Кассий попытался окружить Лаодикею блокадой, но она оказалась малоэффективной, поскольку легкие египетские триремы передвигались гораздо быстрее, чем римские галеры. Впрочем, его расчет строился на том, что жители Лаодикеи не смогут долго выдерживать осаду — вряд ли мощи всего египетского флота достанет, чтобы снабжать провиантом целый город. Армии Кассия, состоявшей из десяти легионов и двадцати когорт вспомогательных войск, приходилось держать под контролем огромную территорию, доходившую до парфянской границы. Его конница, насчитывавшая четыре тысячи всадников, стояла в соседнем с Лаодикеей Палтосе, но не настолько близко, чтобы помешать Долабелле время от времени совершать опустошительные рейды по киликийским владениям.
Брута удивляло, почему Кассий, располагавший значительными силами, не решается на штурм Лаодикеи.
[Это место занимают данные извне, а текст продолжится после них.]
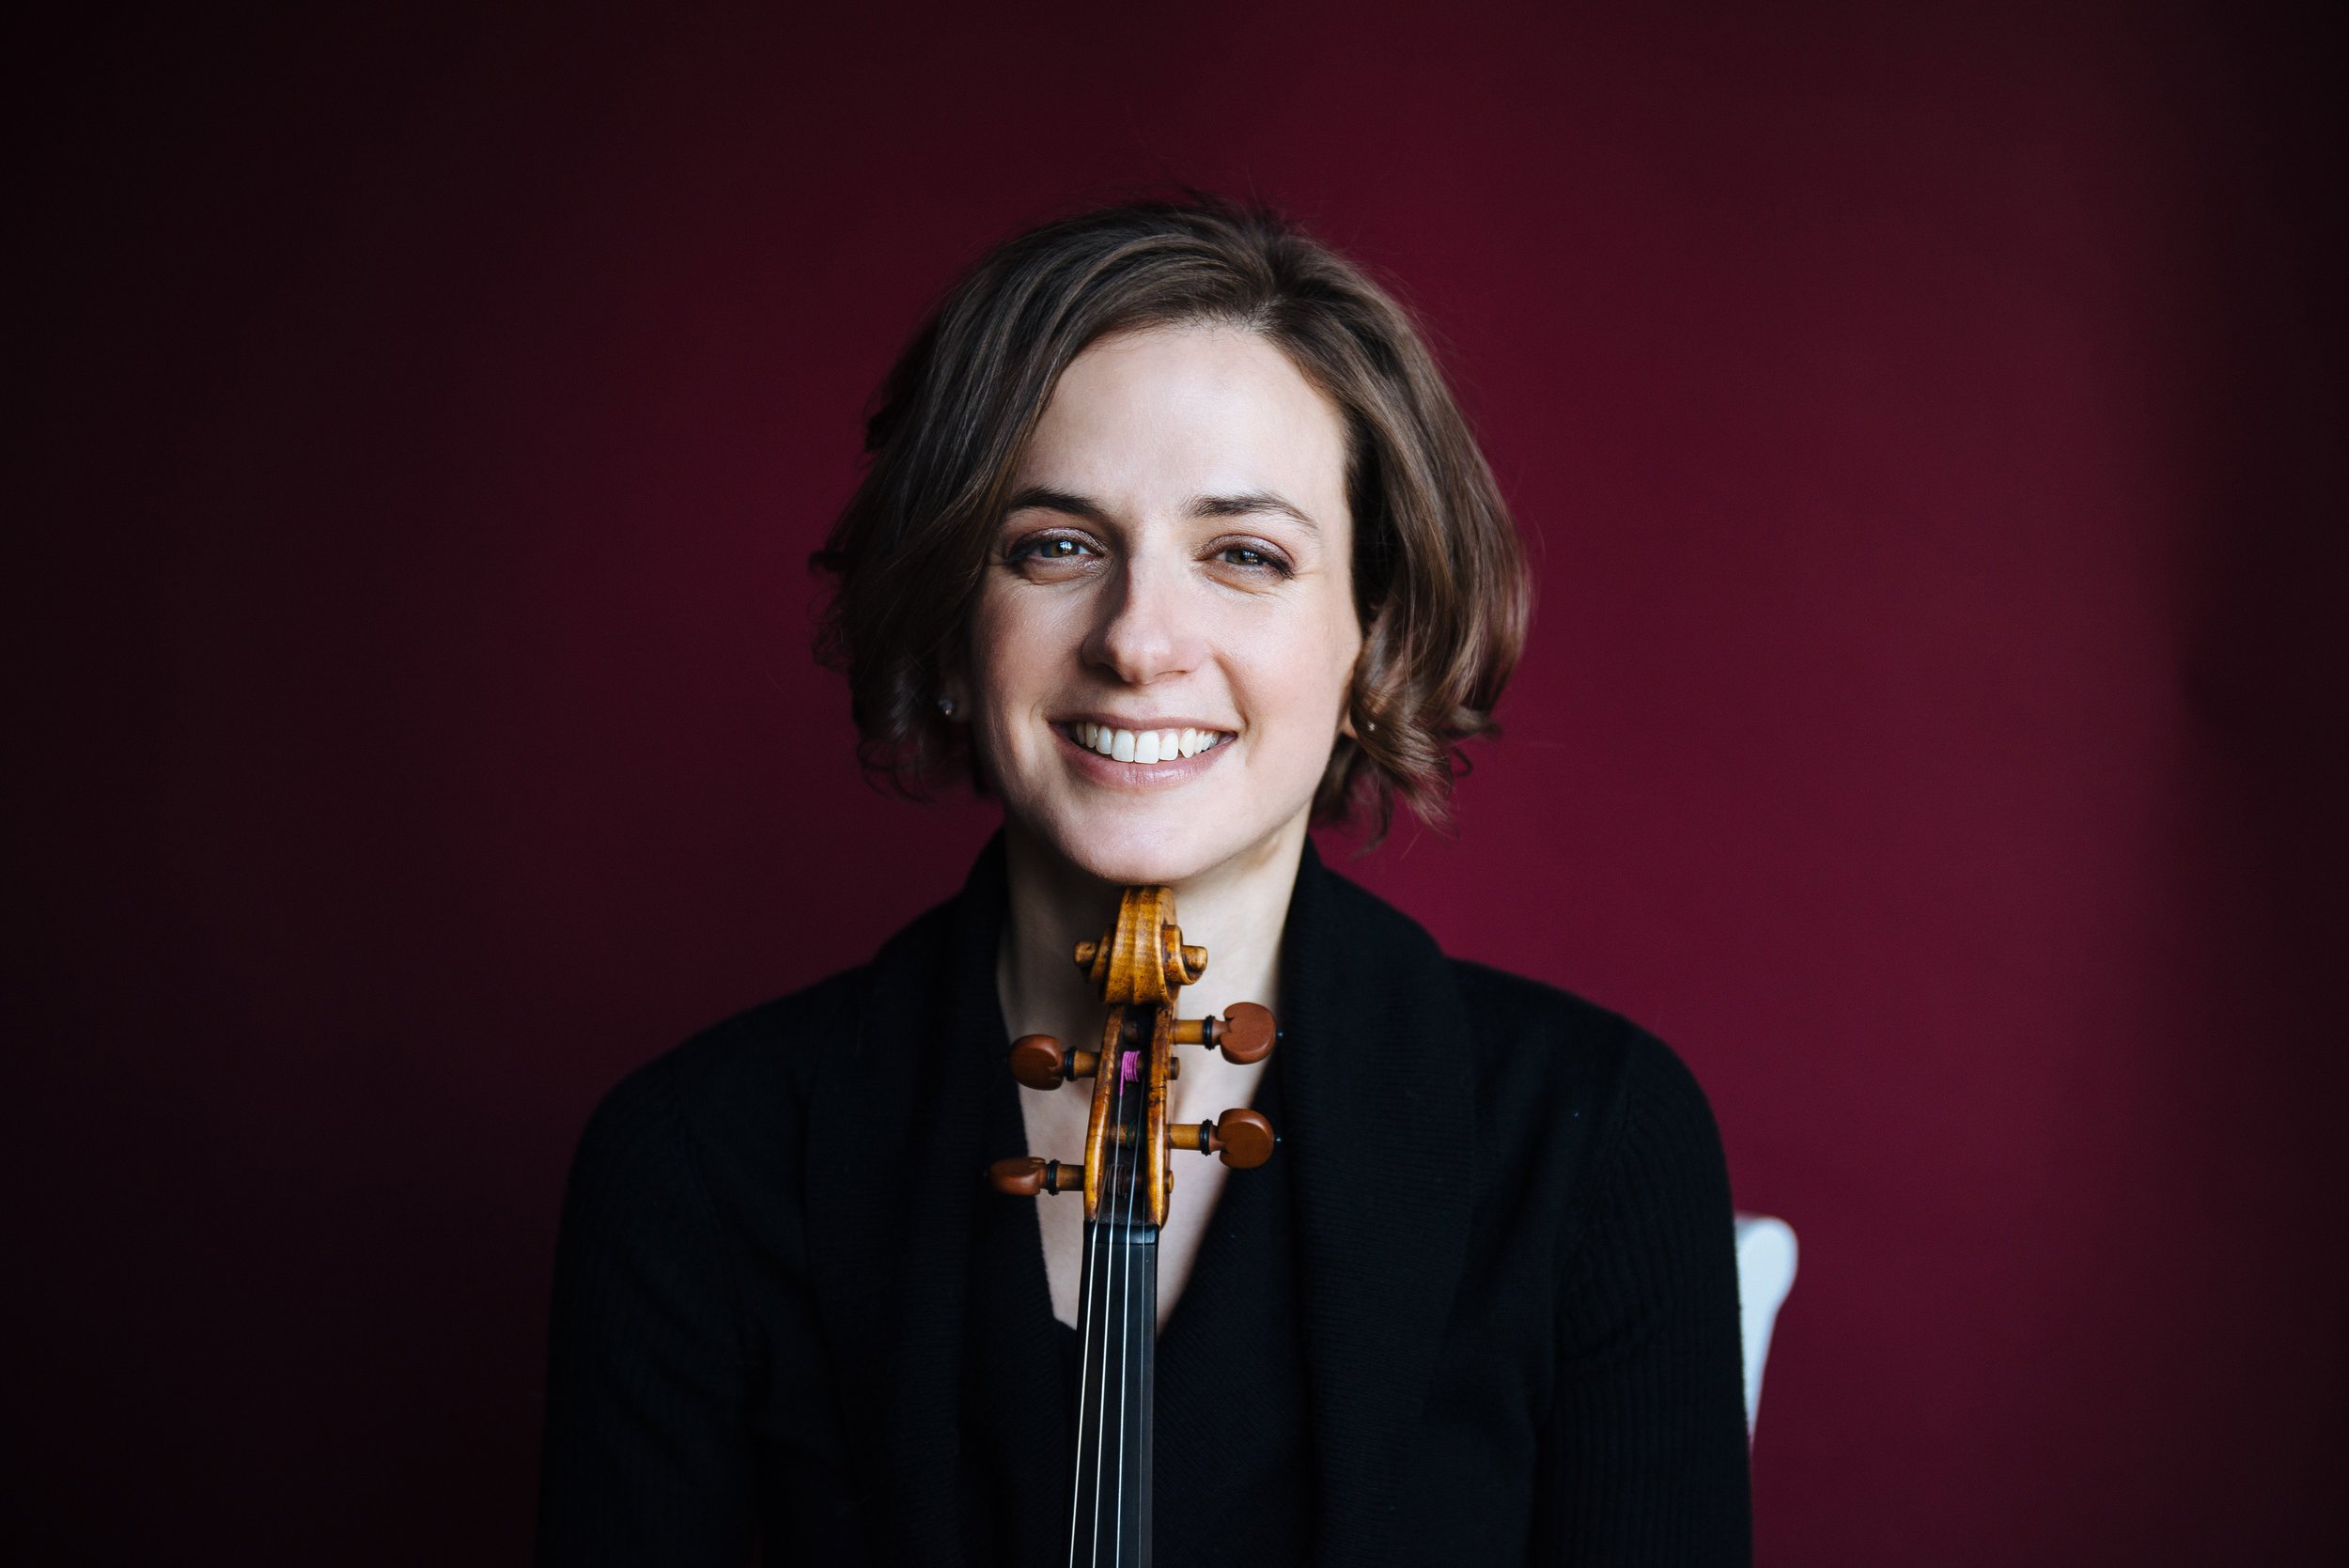 Liana Bérubé, violin

Понемногу его начали терзать подозрения. Неужели Кассий вынашивает какие-то скрытые планы? Римляне вообще имели дурную склонность рассматривать Восток как источник неисчерпаемых богатств. И Марк, зная Кассия как человека, в числе добродетелей которого бескорыстие никак не значилось, все чаще задавался вопросом, не тянет ли тот время намеренно, используя свои легионы для обогащения.
В любом случае тактика Кассия, направленная на медленное изматывание противника, слишком надолго задерживала его на Востоке, тогда как он в любую минуту мог срочно потребоваться здесь, в Европе.
Тем временем события в Цизальпинской Галлии приняли неожиданный оборот. Под угрозой попасть в клещи между Децимом Брутом и консульскими легионами Марк Антоний решил снять осаду Мутины. И тут ему повезло. В первом же бою был смертельно ранен консул Гай Панса, а уже на следующий день сложил голову его коллега Гиртий, возглавлявший отряд, штурмовавший лагерь Антония. Гибель обоих консулов сразу — трагедия, подобной которой римляне не знали со времен Пунических войн, — заметно подорвала моральный дух победителей. Войско Децима Брута, изможденное длительной осадой, не успело организовать преследование Антония, и тому удалось бежать. Ему мог бы преградить дорогу Октавий, но он даже не сделал такой попытки и предпочел явиться к ложу умирающего Пансы. Настал день 24 апреля. Республиканцы потеряли двое суток, за которые Антоний благополучно укрылся в Альпах.
Конечно, дело происходило не зимой, а весной, тем не менее отрядам Антония пришлось нелегко. Без запасов продовольствия, по тающему снегу, они все-таки сумели преодолеть горные перевалы и пробились в Провинцию (ныне Прованс). Отныне единственным, кто мог бы добить Антония, стал Марк Эмилий Лепид, легионы которого стояли в Юлиевом Форуме (ныне Фрежюс). Но... каждый знал, что Антония и Лепида связывали давние дружеские отношения. Если эта парочка сговорится между собой и решится двинуться на Рим, встретить их будет некому, кроме юного Октавия. Ситуация, таким образом, выглядела более чем тревожной.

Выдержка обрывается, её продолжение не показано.